QUESIION7 Transforming a Vector from World Space to Local Space Choose one $\cdot 5$ points A vector coordinate in world space is $\vec{r}=(1,0,2)$, calculate the vector coordinate in body frame coordinate (rigid body) $\vec{r} 0$ if the orientation of the rigid body is 90 about the global z-axis. Note: use $\overrightarrow{r_{0}}=\boldsymbol{R}^{t} \cdot \vec{r}$ $\left(\begin{array}{l}0 \\ 1 \\ 2\end{array}\right)$ $\left(\begin{array}{l}2 \\ 0 \\ 1\end{array}\right)$ $\left(\begin{array}{c}0 \\ -1 \\ 2\end{array}\right)$

Step 1 ：The problem is asking to transform a vector from world space to local space. This involves rotating the vector by the orientation of the rigid body, which is given as 90 degrees about the global z-axis. The formula given to perform this transformation is \(\overrightarrow{r_{0}}=\boldsymbol{R}^{t} \cdot \vec{r}\), where \(\boldsymbol{R}^{t}\) is the transpose of the rotation matrix and \(\vec{r}\) is the vector in world space.

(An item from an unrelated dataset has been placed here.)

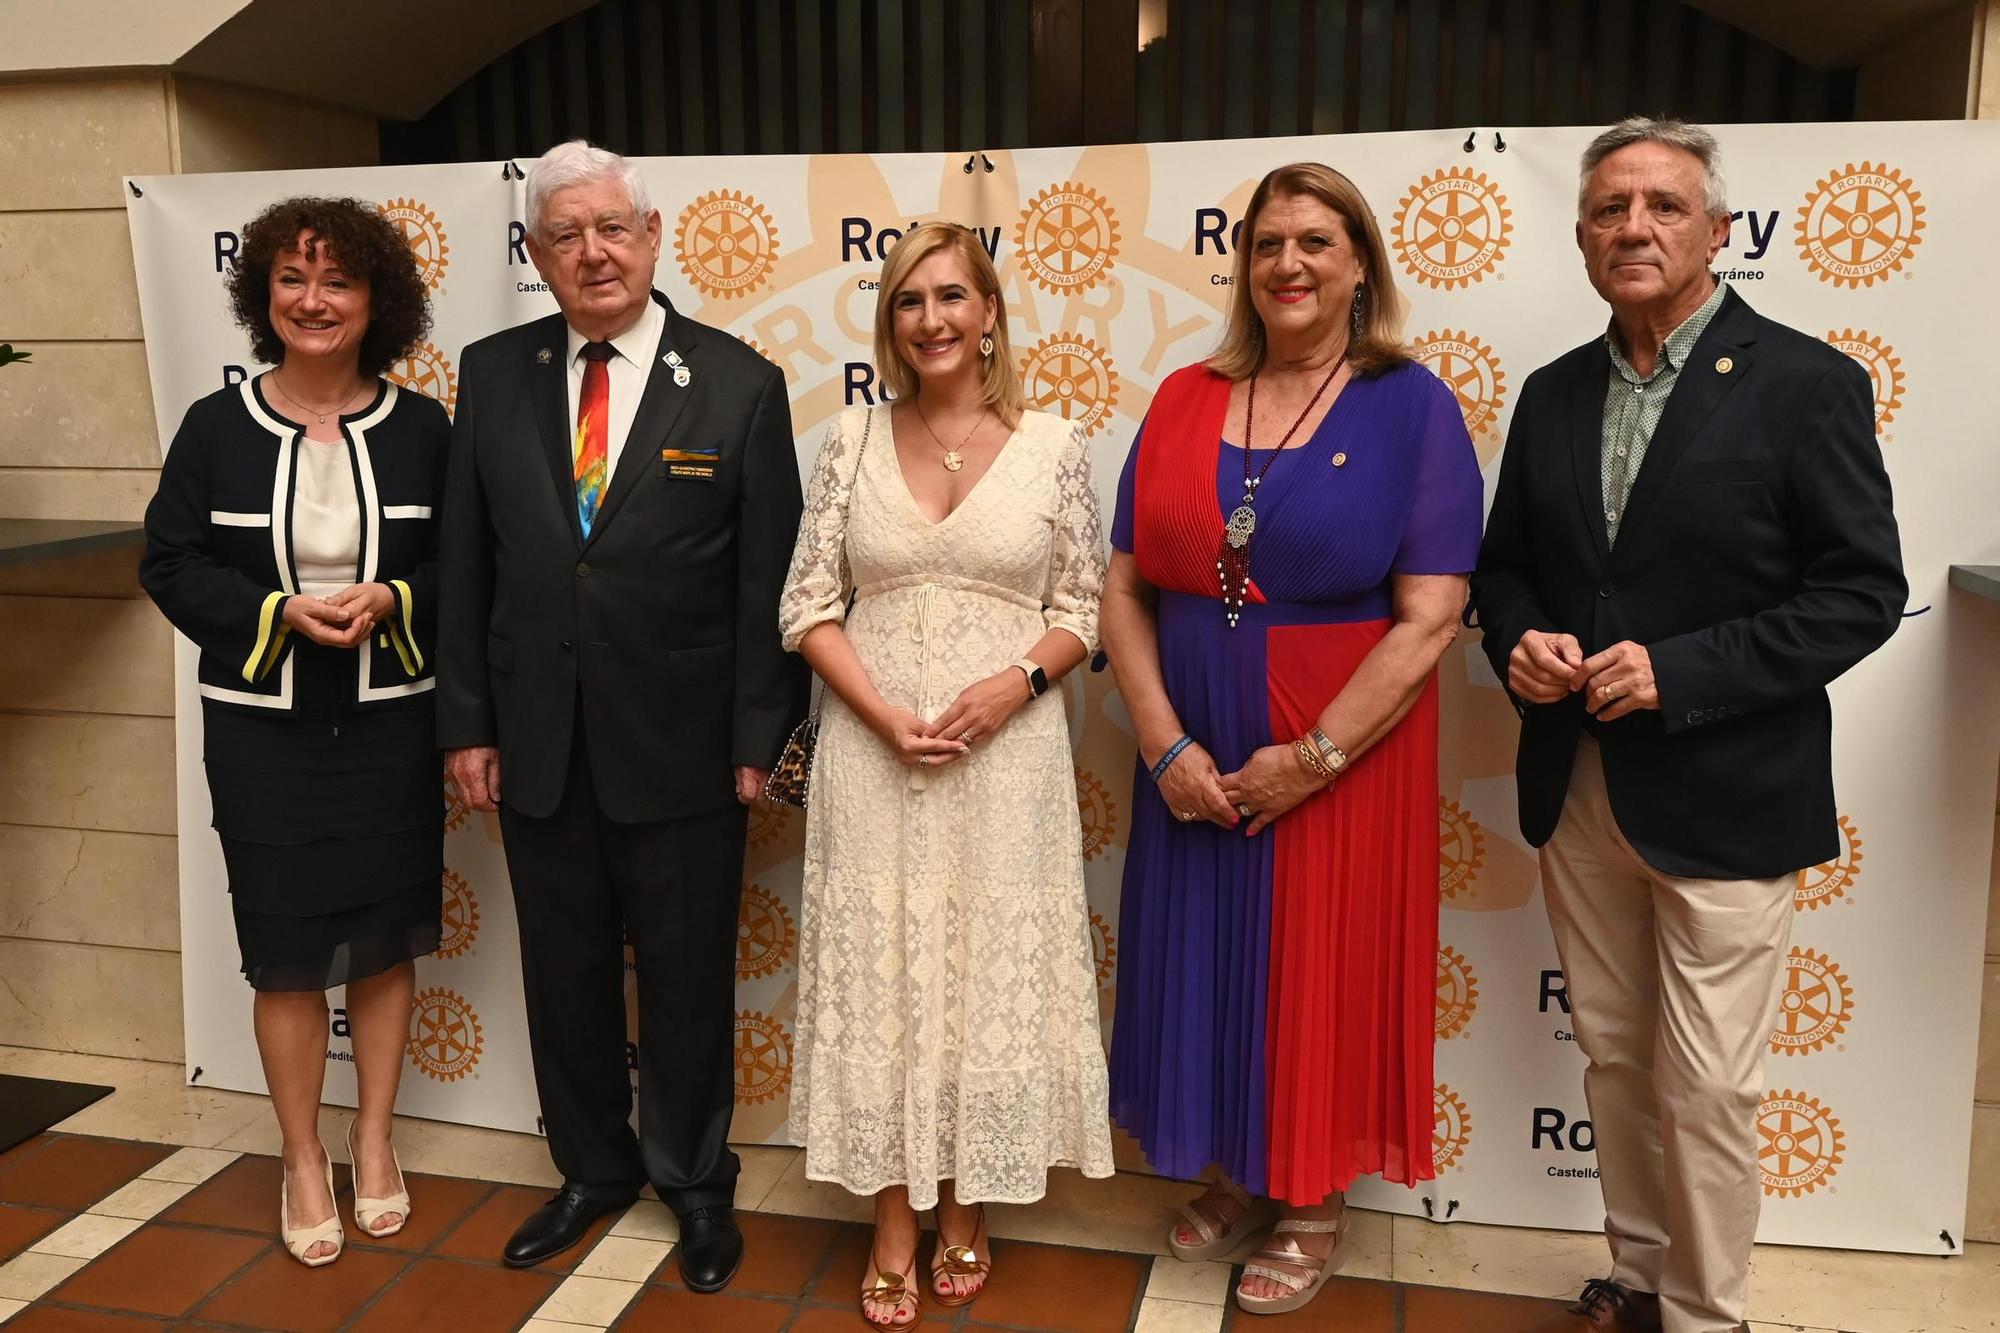 Galería de imágenes: Constitución del Club Rotary Castellón-Mediterráneo
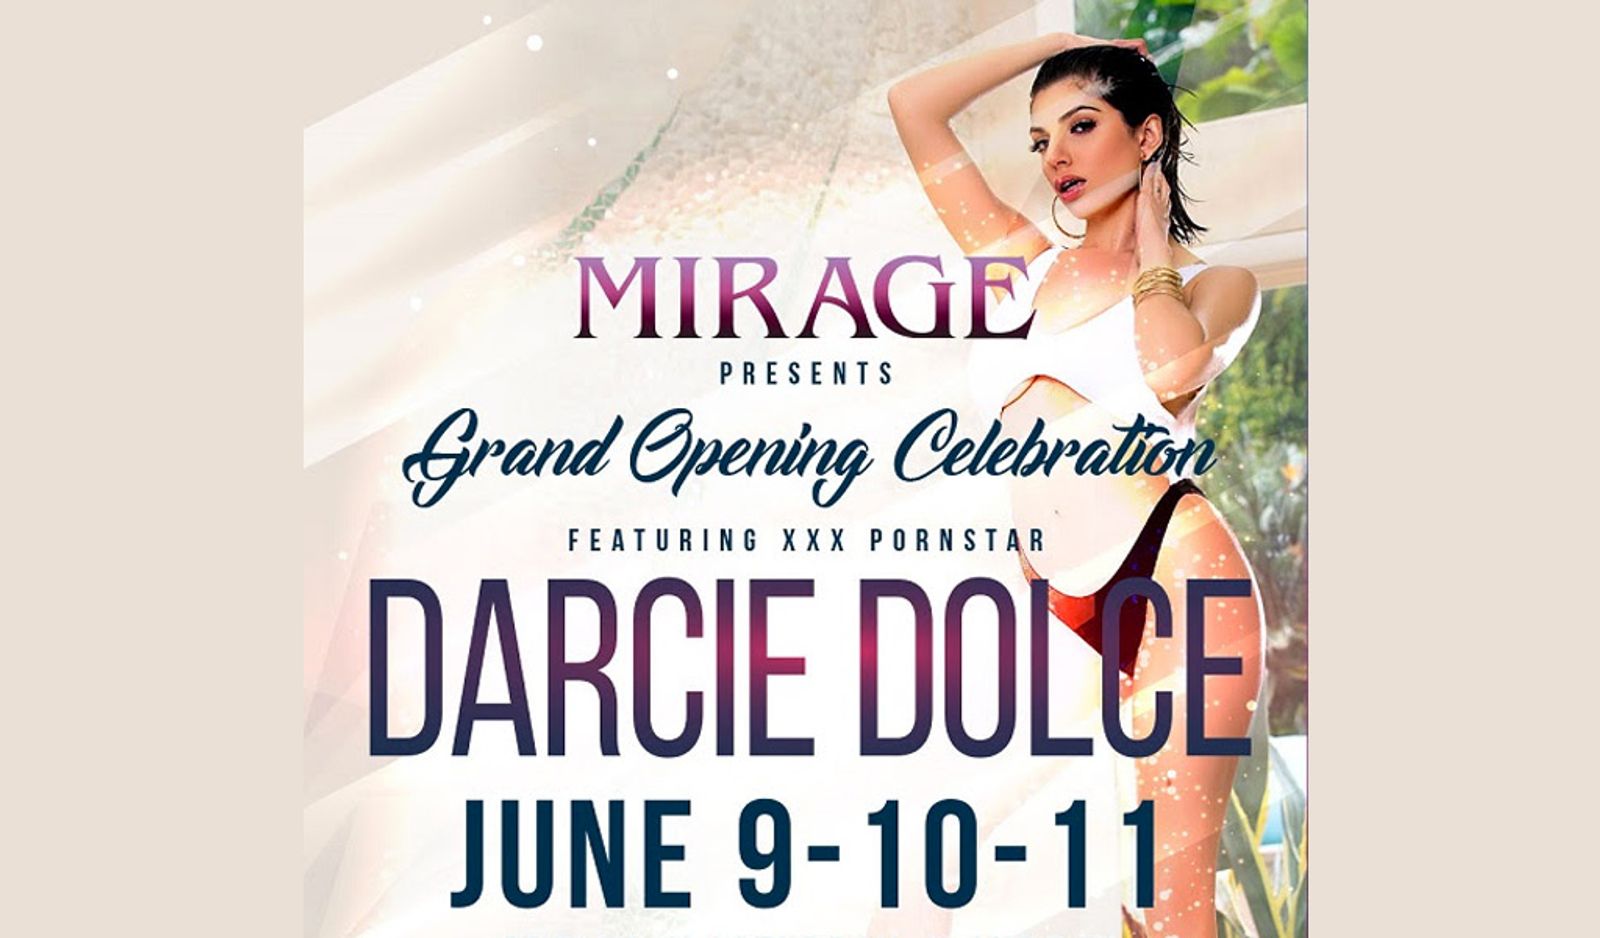 Darcie Dolce Headlines at Mirage Gentlemen’s Club

Step 2 ：The rotation matrix for a rotation of 90 degrees about the z-axis is: \[\boldsymbol{R} = \begin{bmatrix} cos(90) & -sin(90) & 0 \\ sin(90) & cos(90) & 0 \\ 0 & 0 & 1 \end{bmatrix} = \begin{bmatrix} 0 & -1 & 0 \\ 1 & 0 & 0 \\ 0 & 0 & 1 \end{bmatrix}\]

Step 3 ：The transpose of this matrix is: \[\boldsymbol{R}^{t} = \begin{bmatrix} 0 & 1 & 0 \\ -1 & 0 & 0 \\ 0 & 0 & 1 \end{bmatrix}\]

Step 4 ：So, we need to multiply this matrix with the vector \(\vec{r}=(1,0,2)\) to get the vector in the body frame coordinate.

Step 5 ：The result of the matrix multiplication gives the vector in the body frame coordinate as (0, -1, 2). This matches one of the options given in the question.

Step 6 ：Final Answer: The vector coordinate in body frame coordinate is \(\boxed{\left(\begin{array}{c}0 \\ -1 \\ 2\end{array}\right)}\).